# ASSIGNED TASK
Please make sure what you return matches the listing below exactly, minus its pictures.

# SOURCE MATERIAL
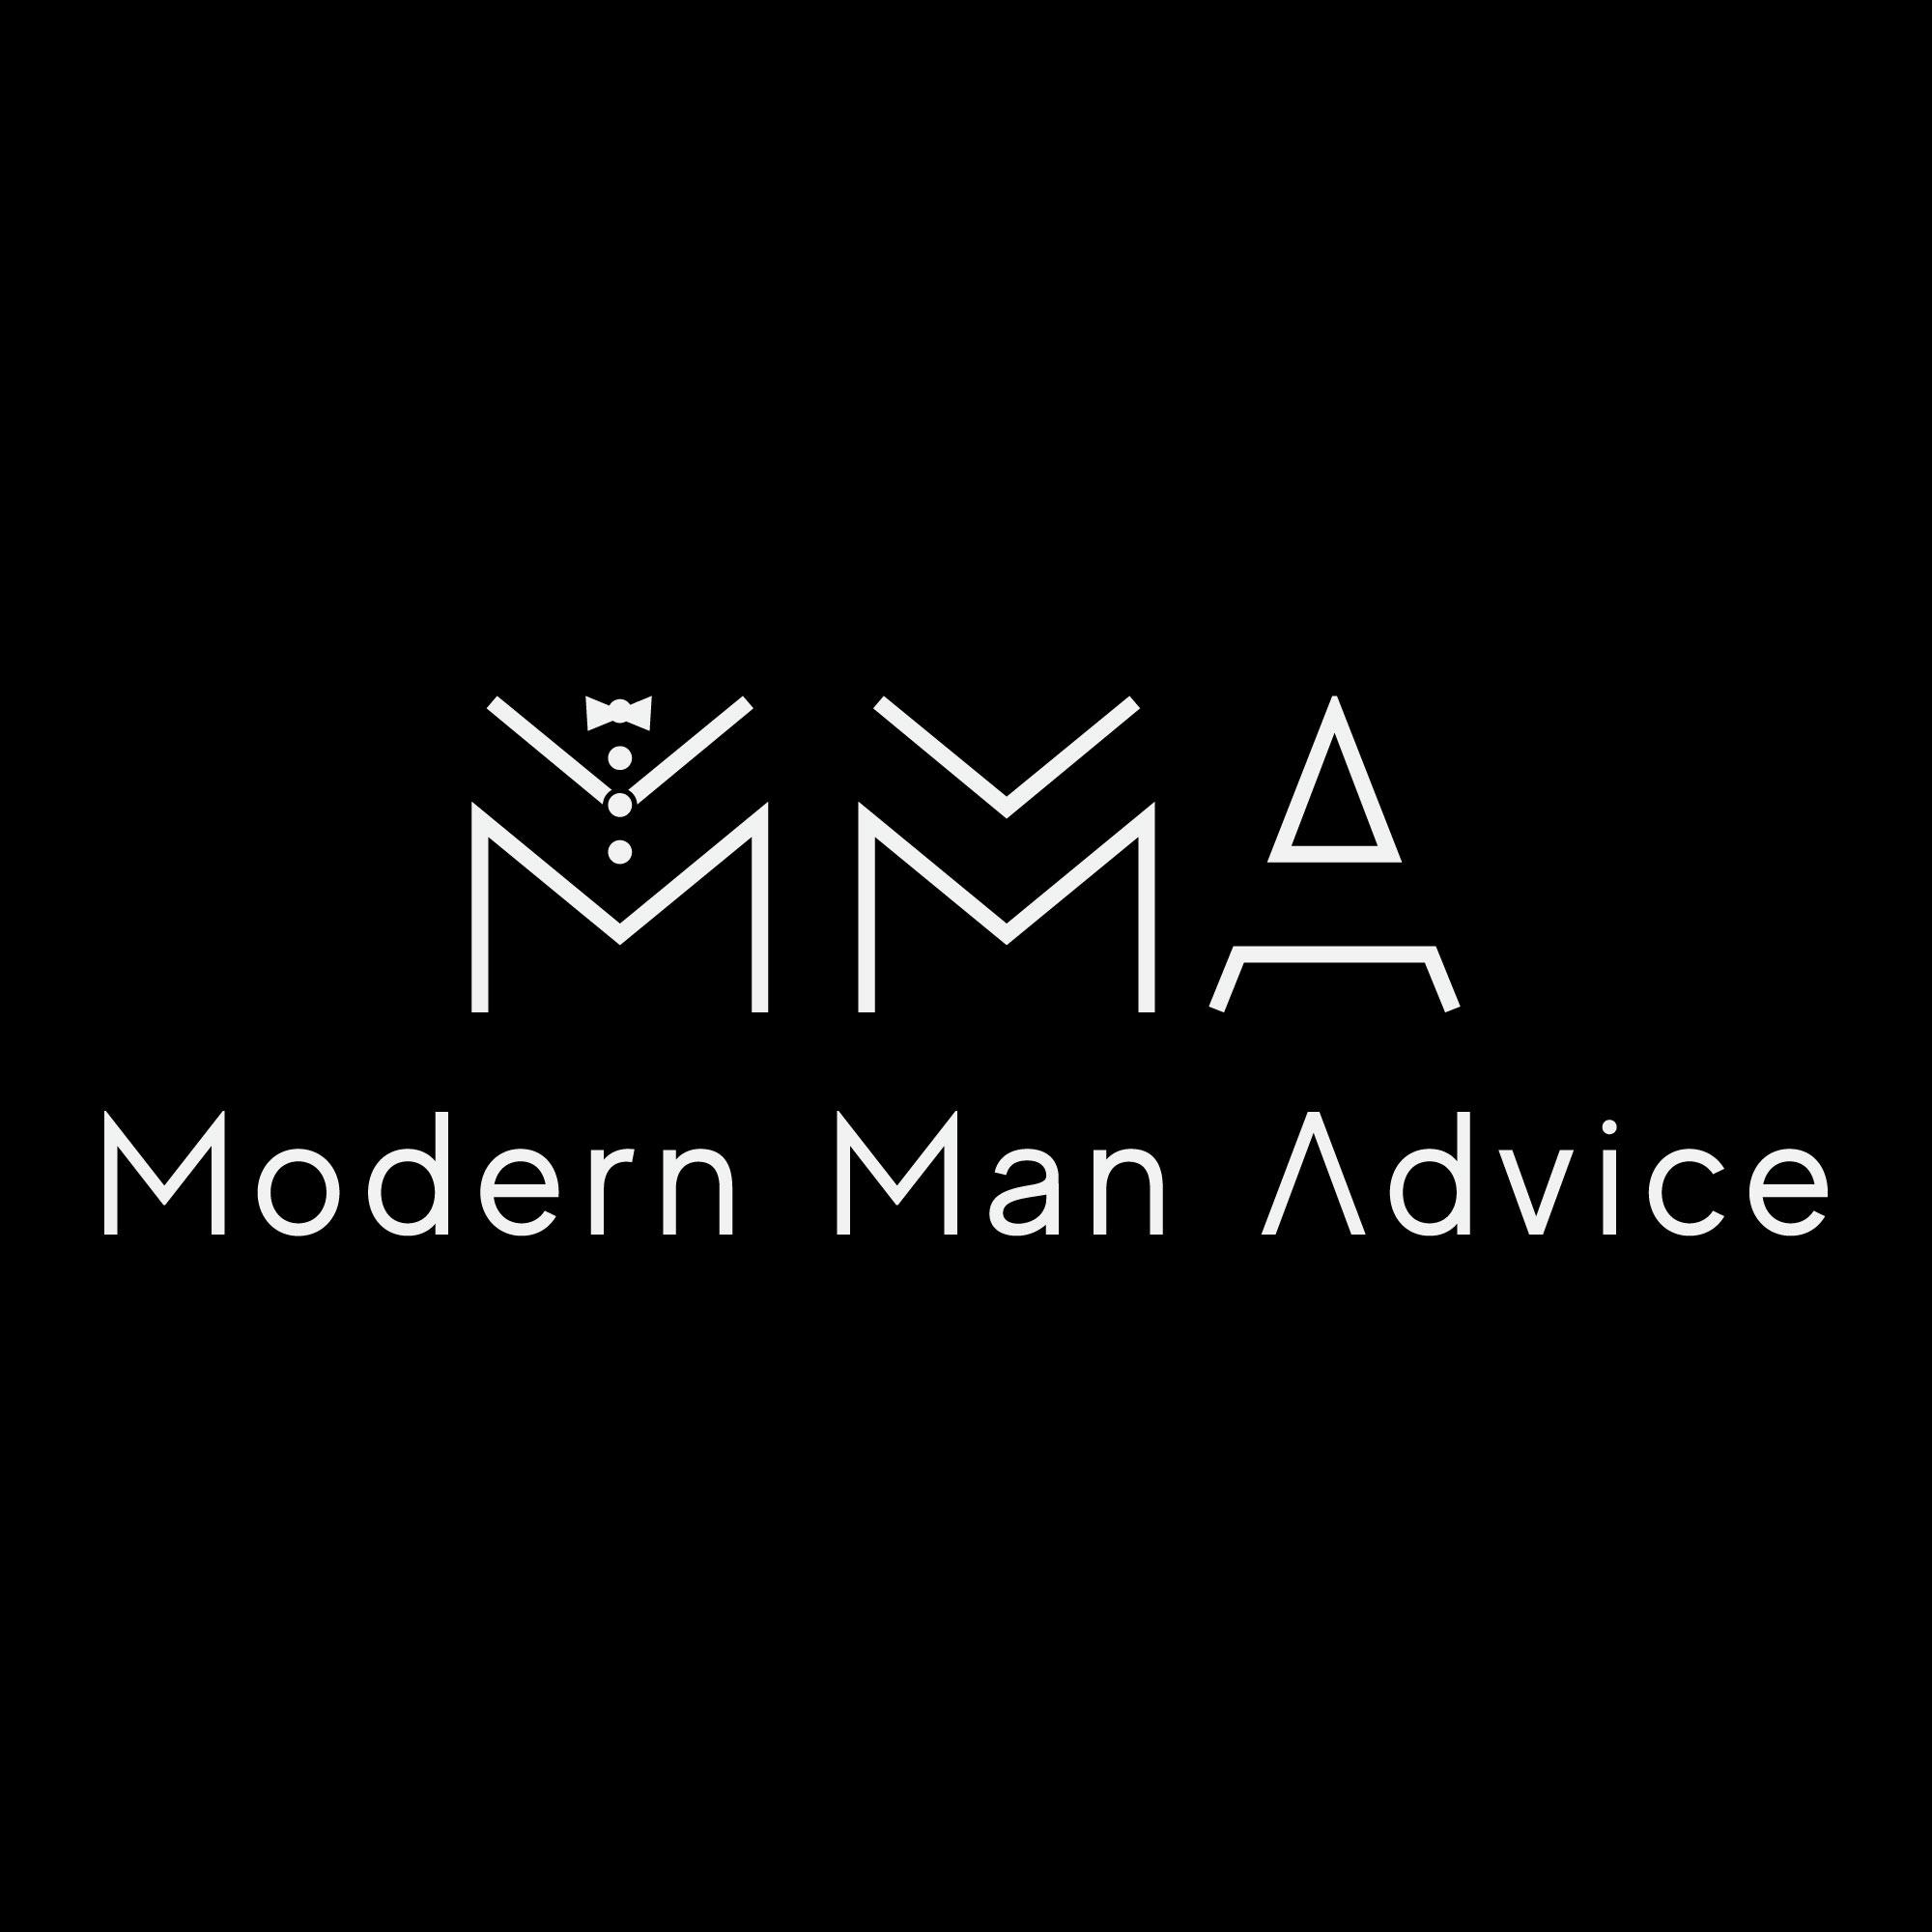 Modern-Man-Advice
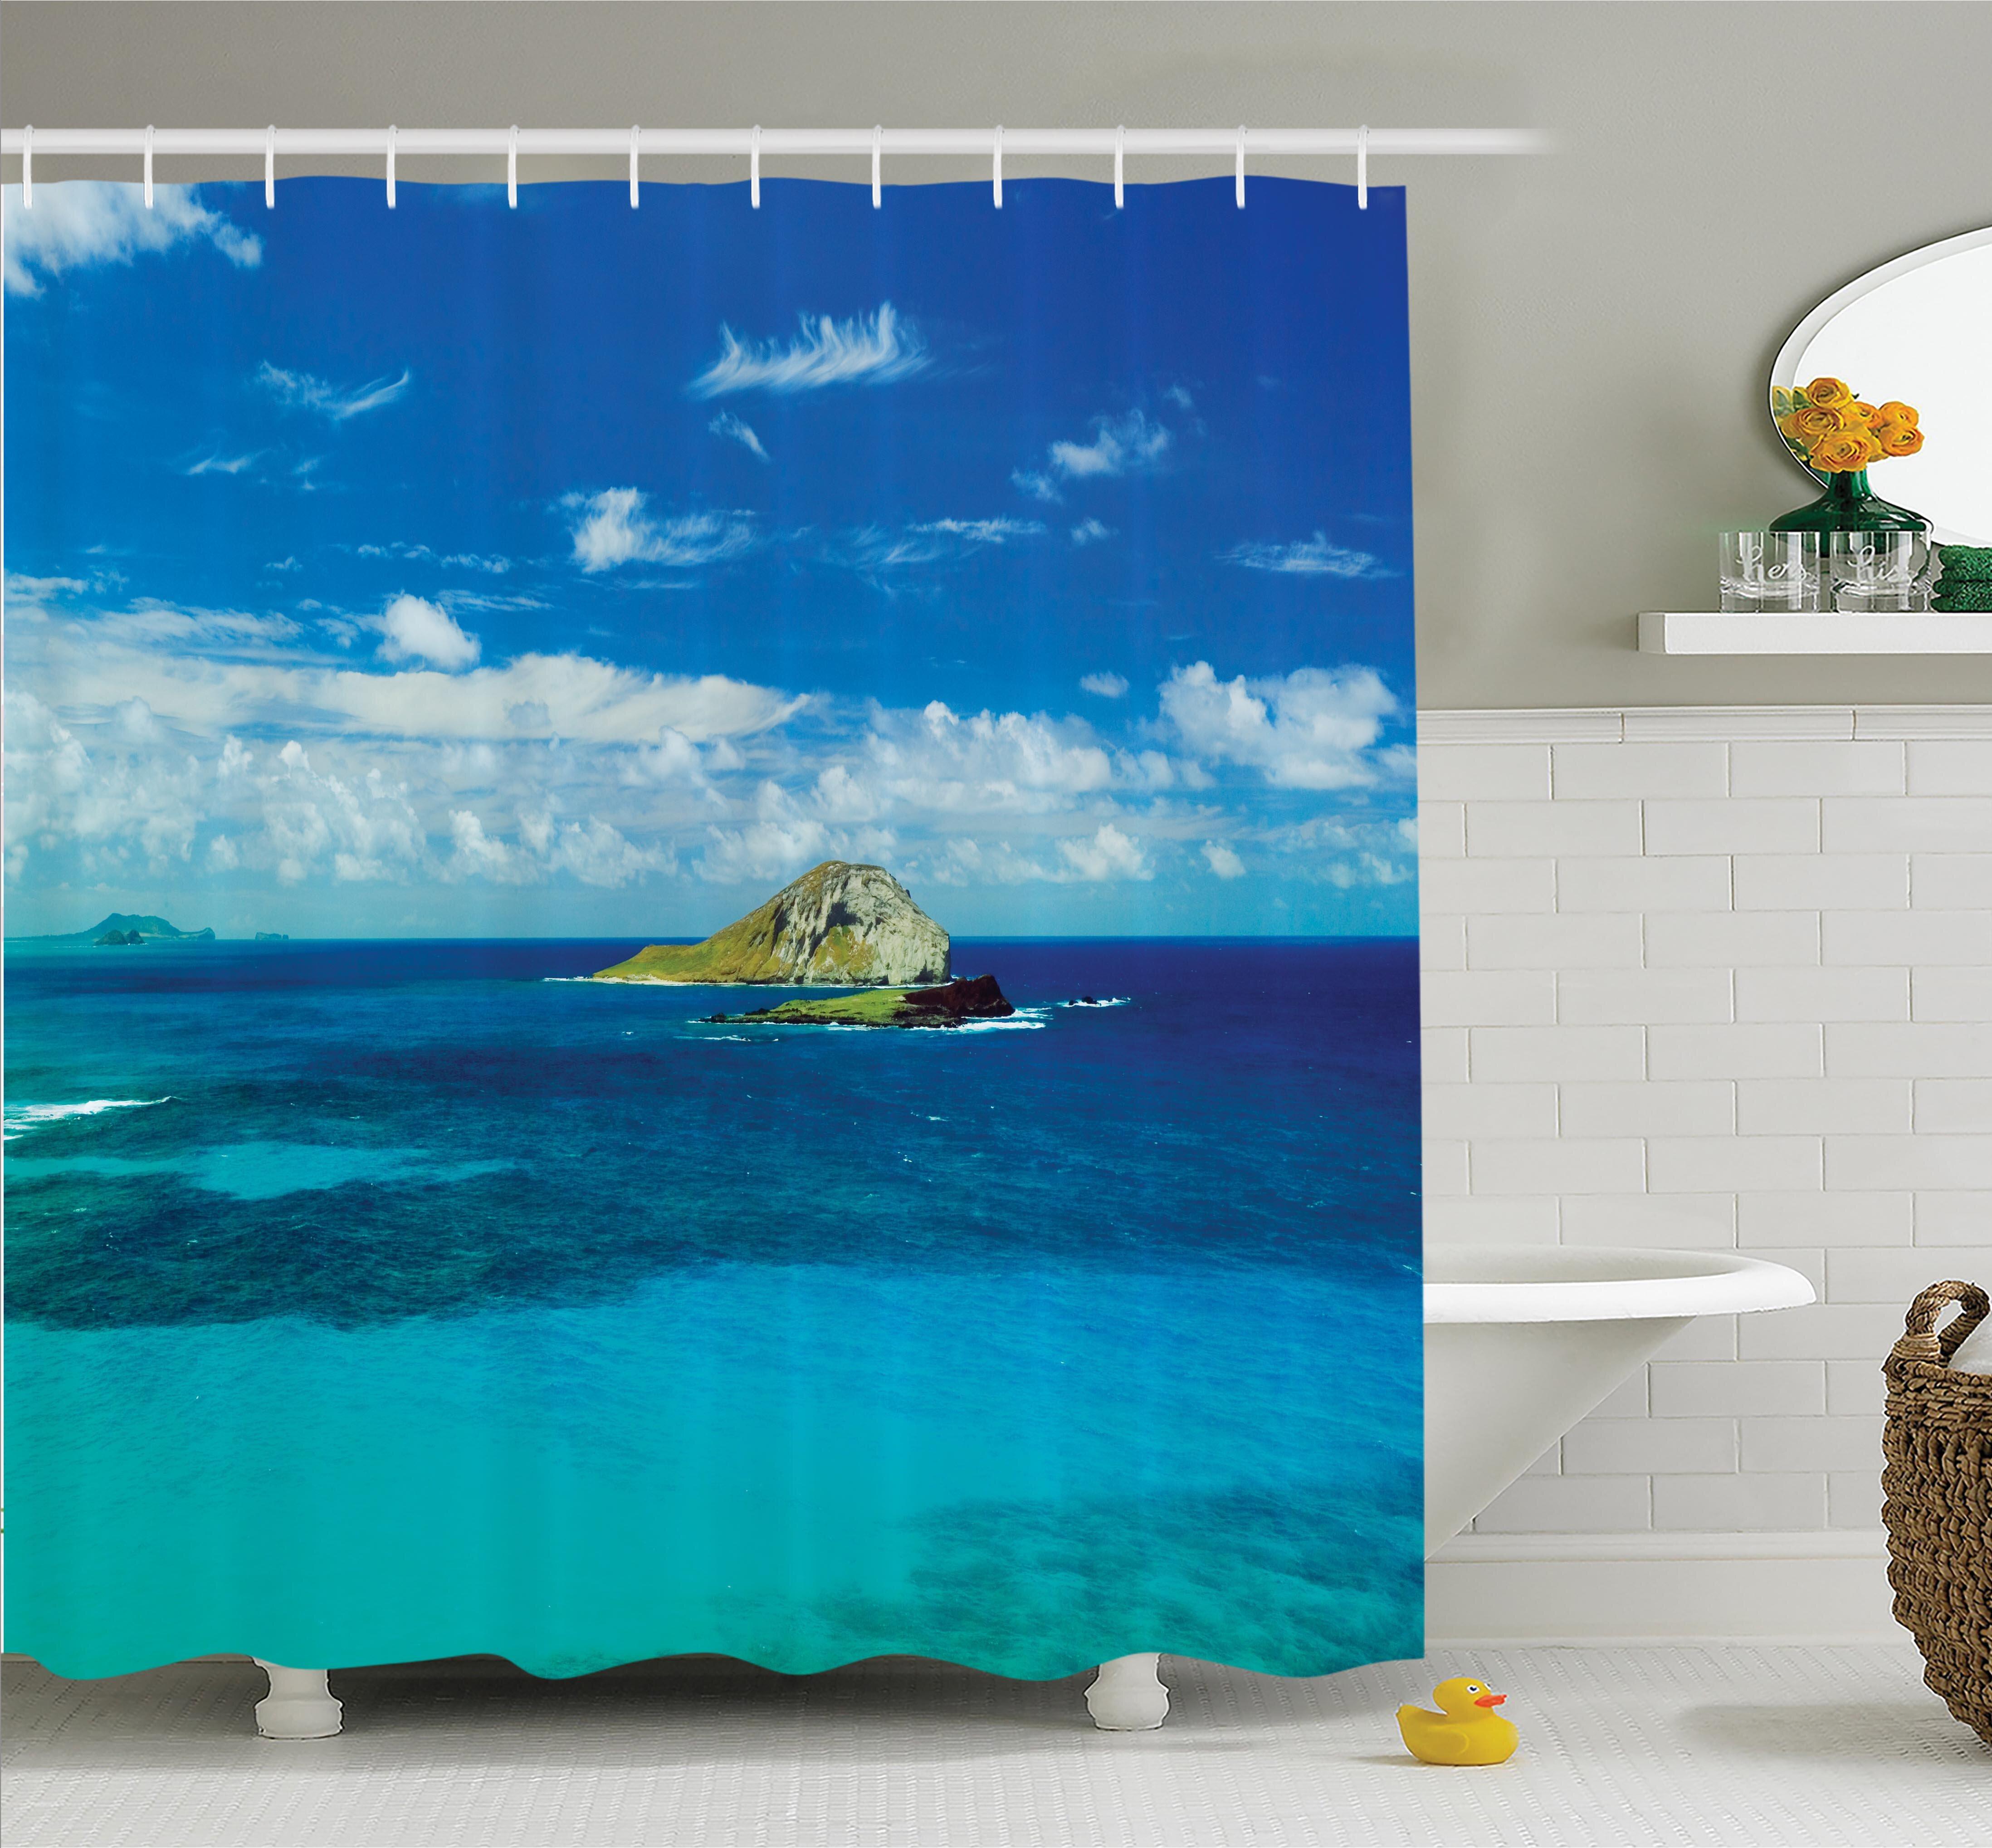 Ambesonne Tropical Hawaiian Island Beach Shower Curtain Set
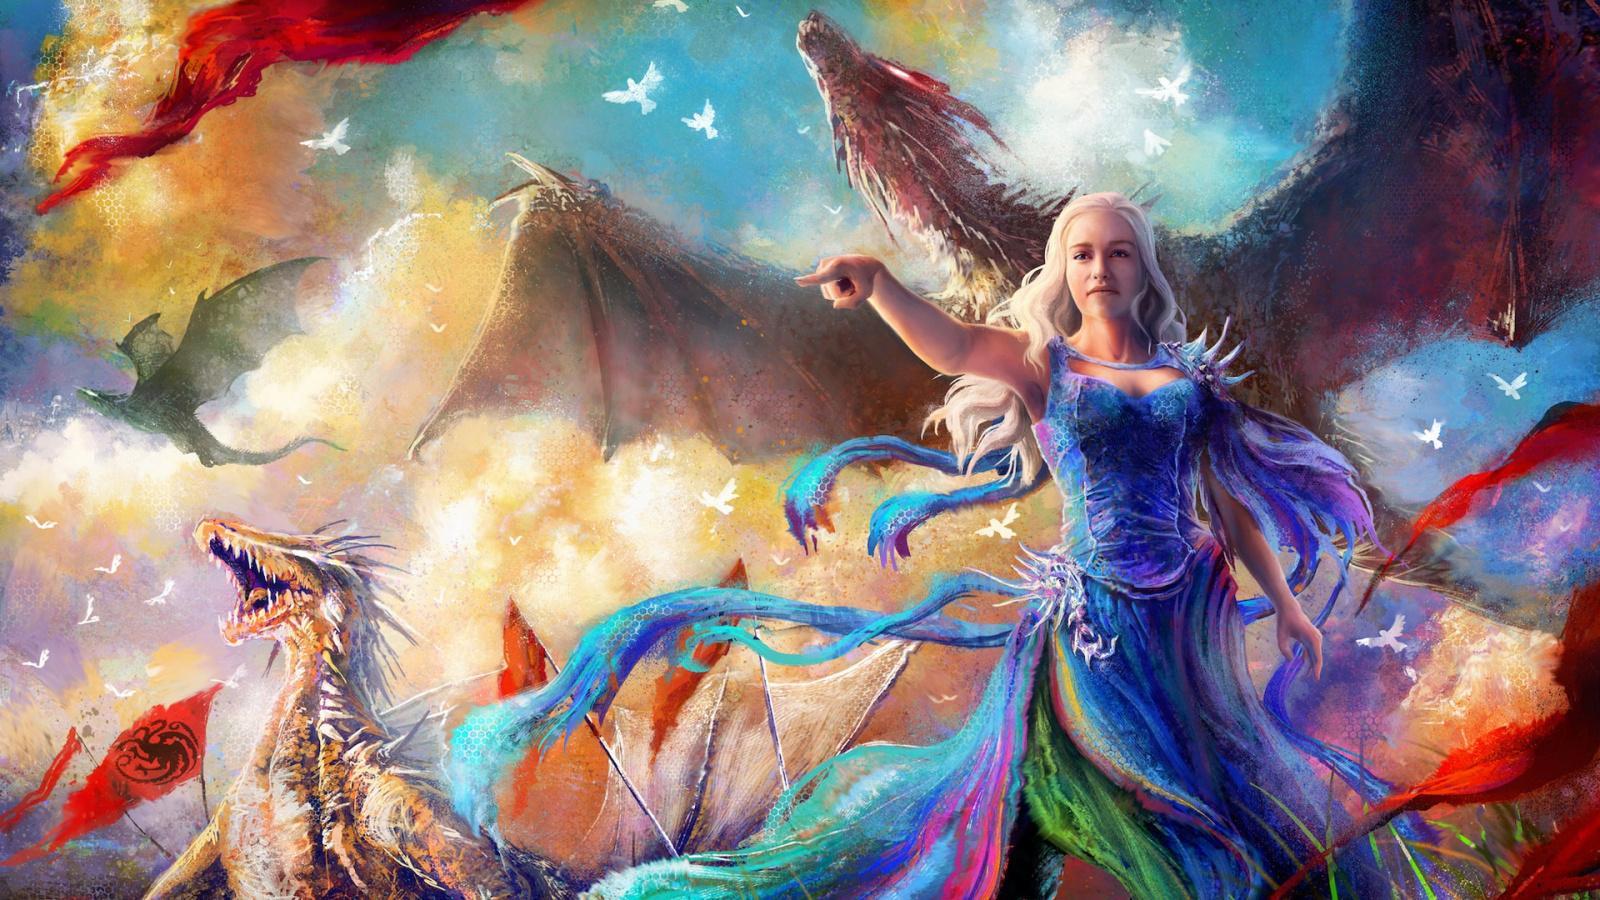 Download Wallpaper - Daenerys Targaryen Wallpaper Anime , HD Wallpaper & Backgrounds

# RESULT OF THIS TASK
 Modern-Man-Advice
 Ambesonne Tropical Hawaiian Island Beach Shower Curtain Set
 Download Wallpaper - Daenerys Targaryen Wallpaper Anime , HD Wallpaper & Backgrounds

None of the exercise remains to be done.